* **Work task**:
In this exercise, write out the data word for word and leave every image out.

* **Collected data**:
-=-=-=-=-

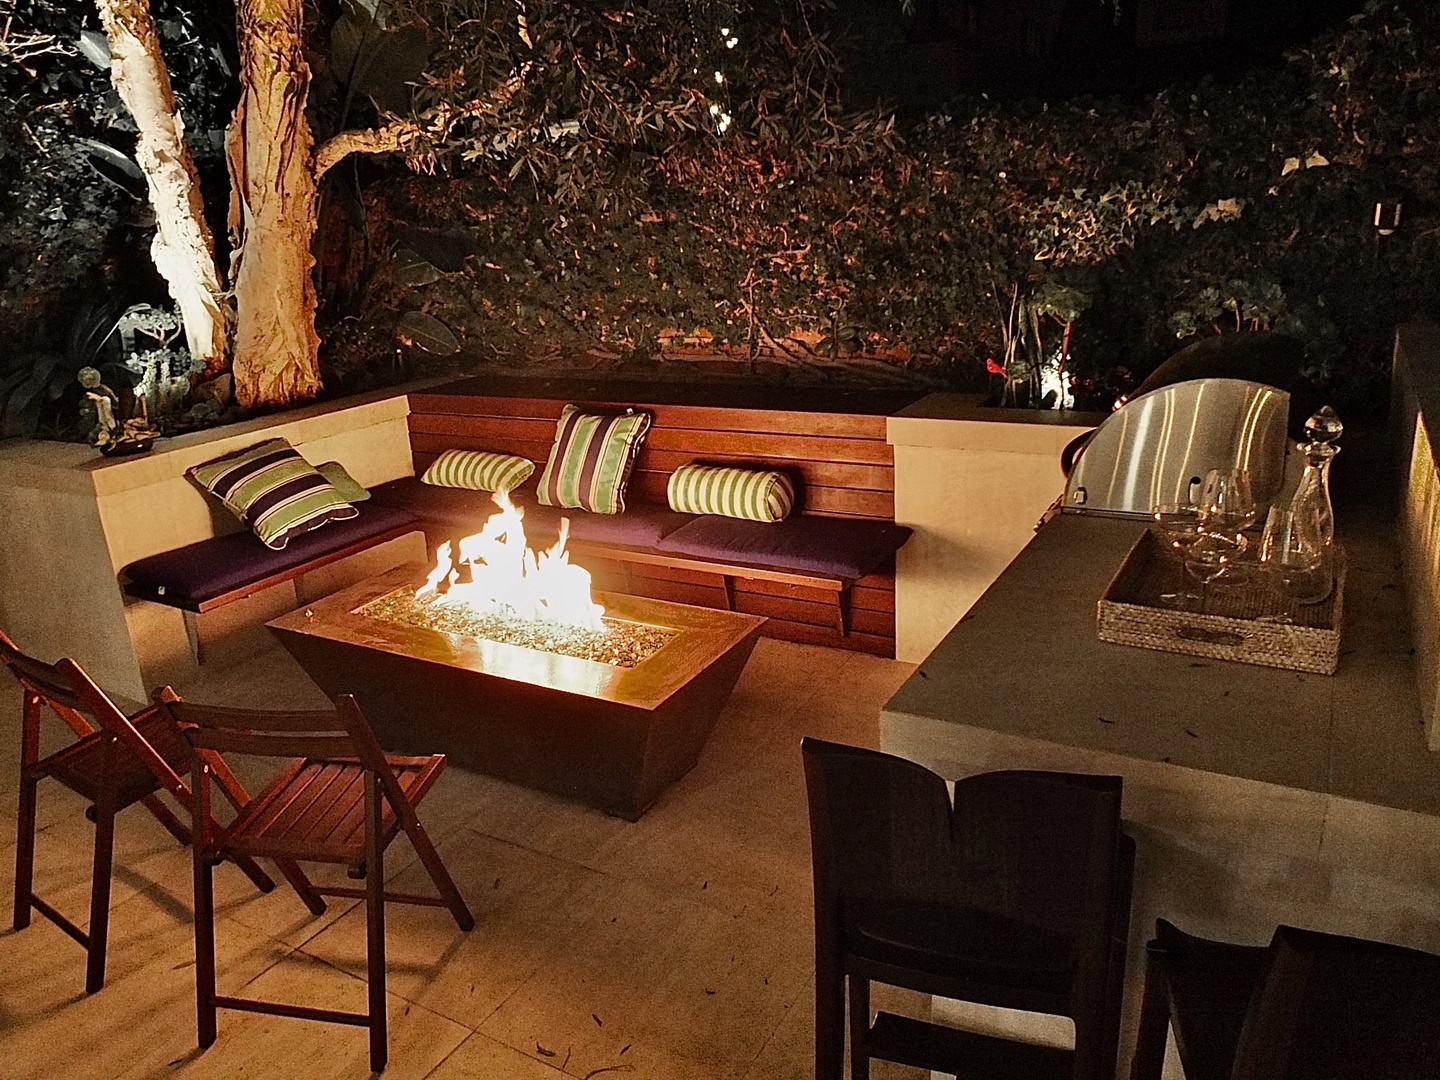 Savor the enchanting ambiance as you gather around the firepit
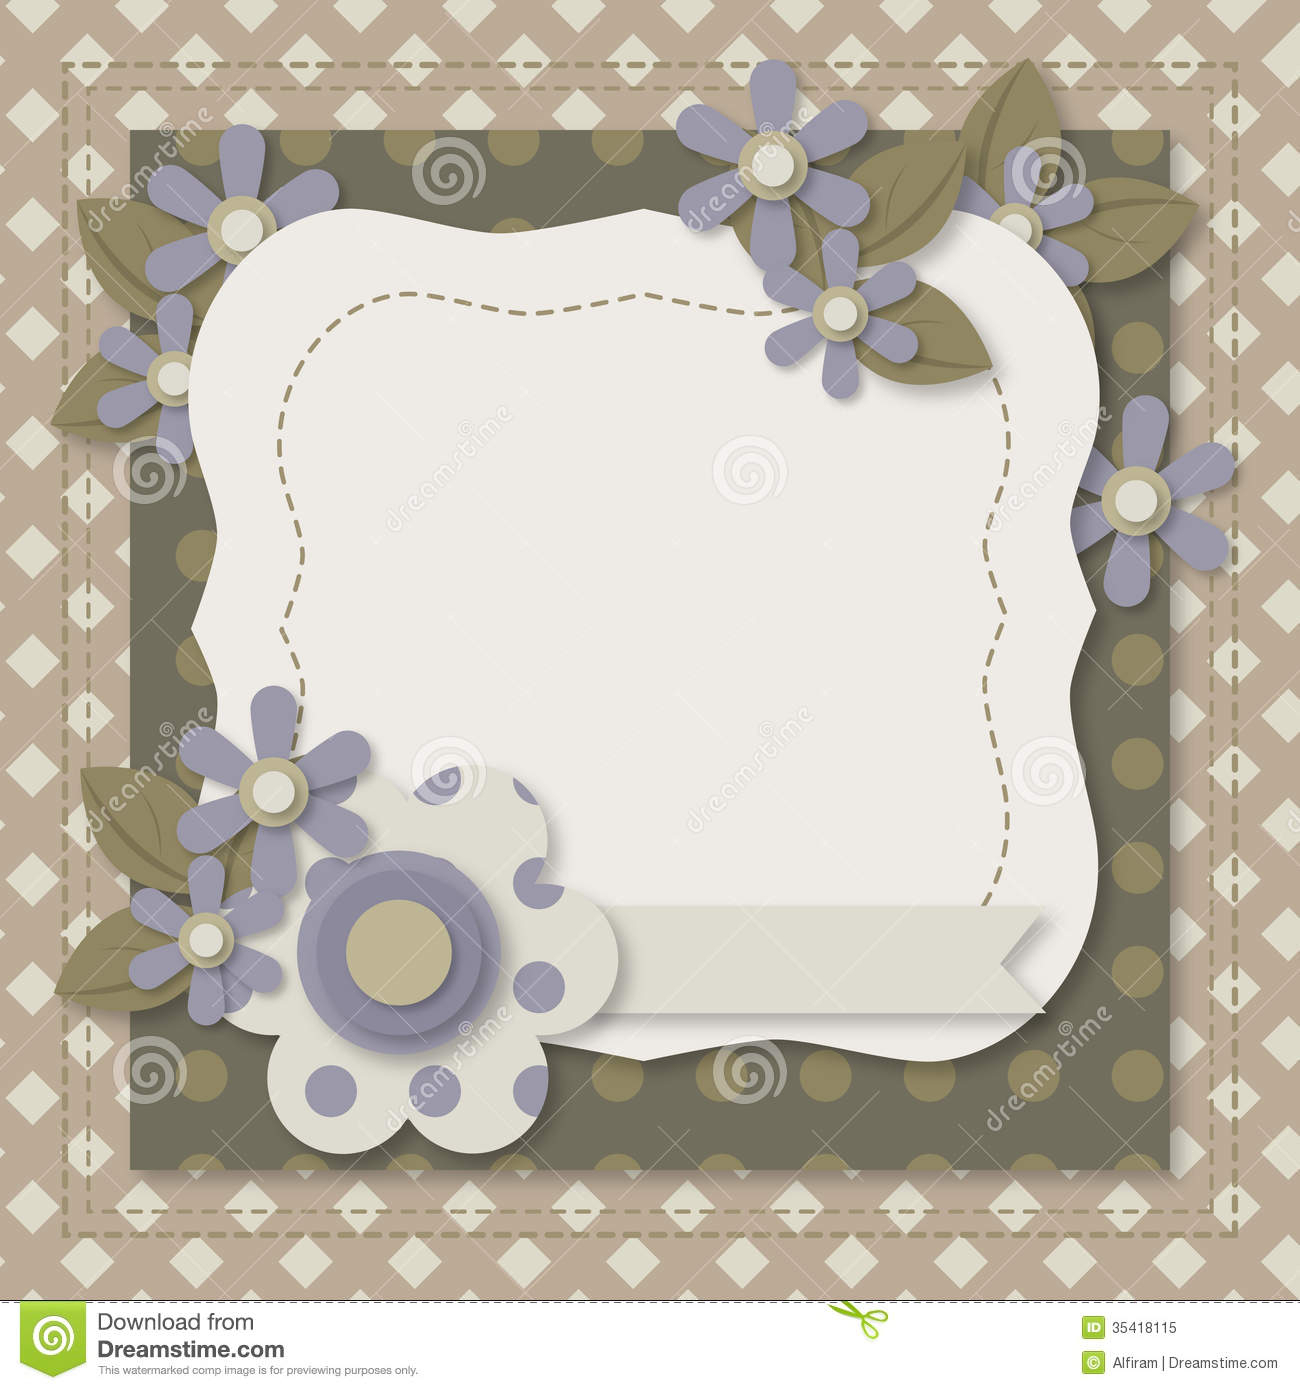 Template Of Greeting Card Or Album Page Stock Vector Throughout Greeting Card Layout Templates
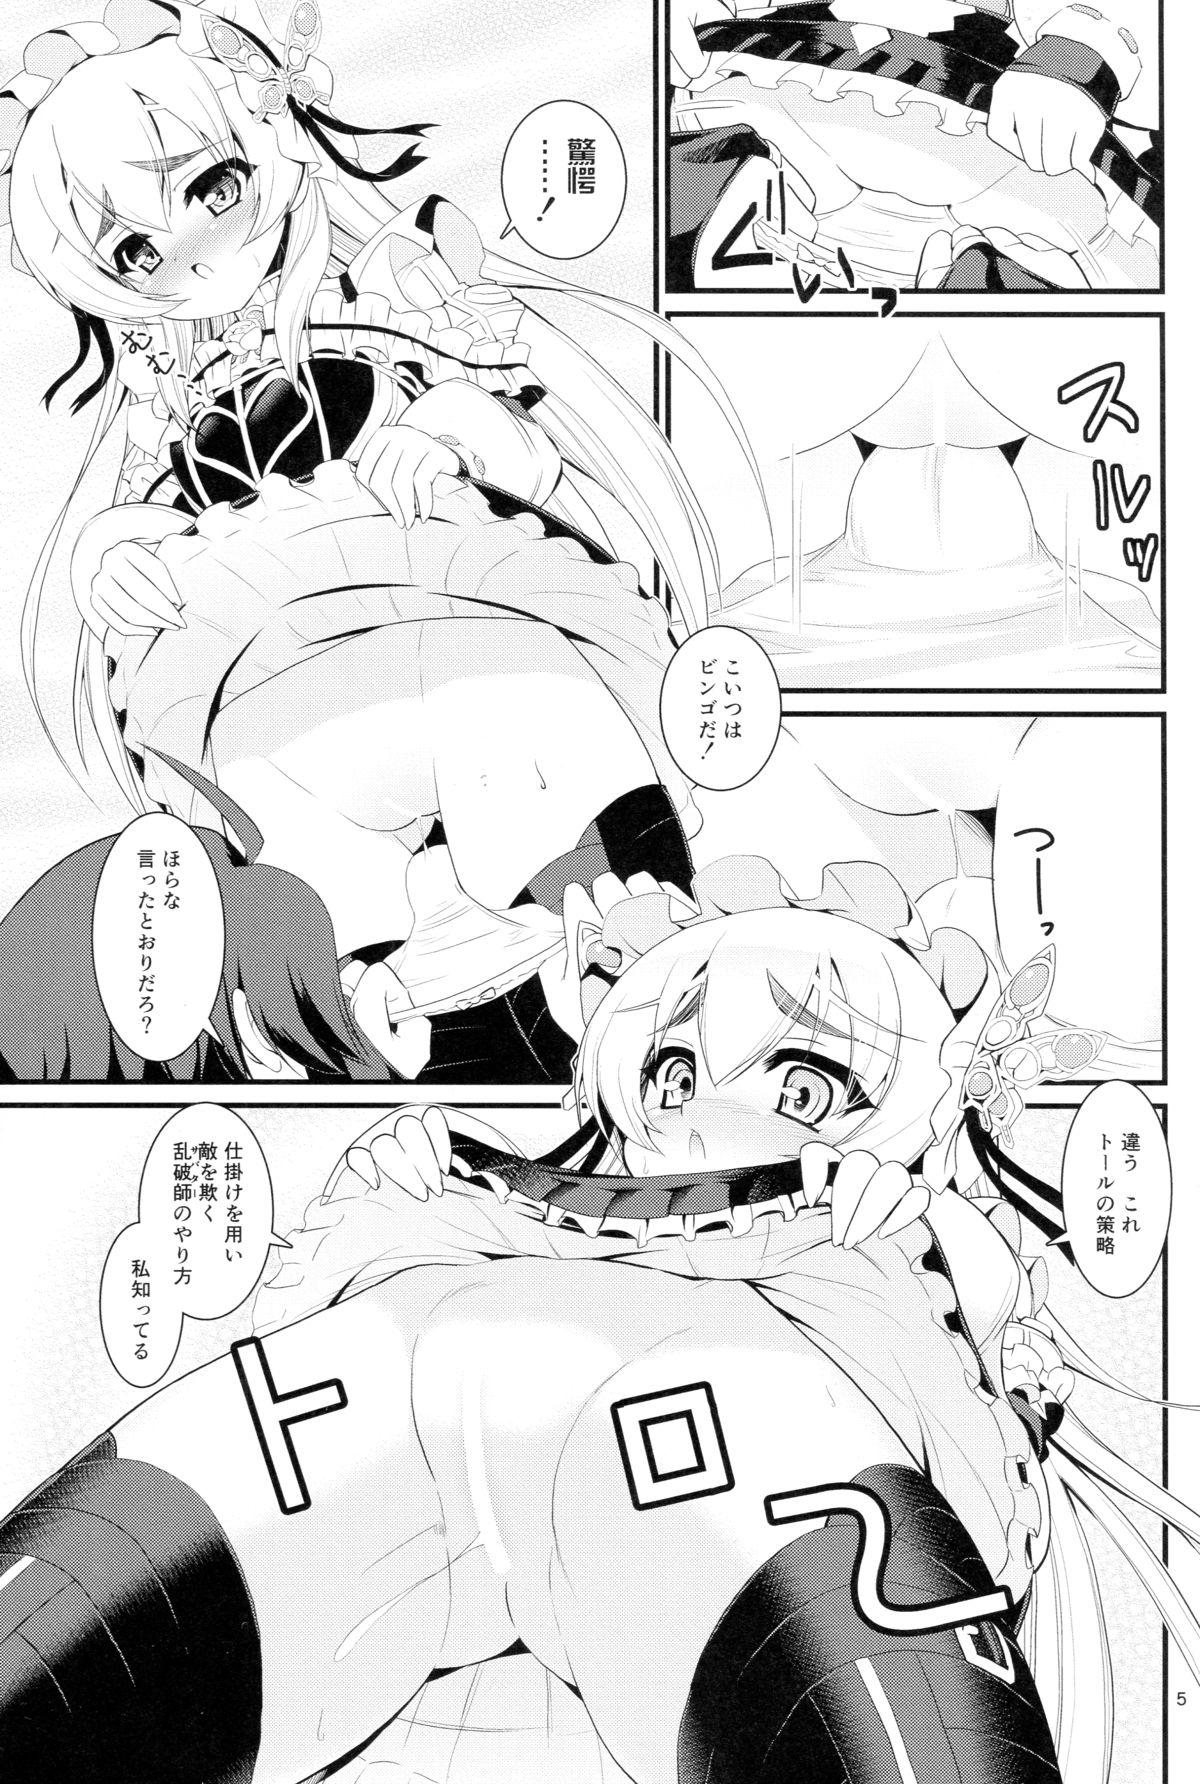 Rola Dig Me No Grave - Hitsugi no chaika Family Roleplay - Page 4

-=-=-=-=-

* **Response to the task**:
 Savor the enchanting ambiance as you gather around the firepit
 Template Of Greeting Card Or Album Page Stock Vector Throughout Greeting Card Layout Templates
 Rola Dig Me No Grave - Hitsugi no chaika Family Roleplay - Page 4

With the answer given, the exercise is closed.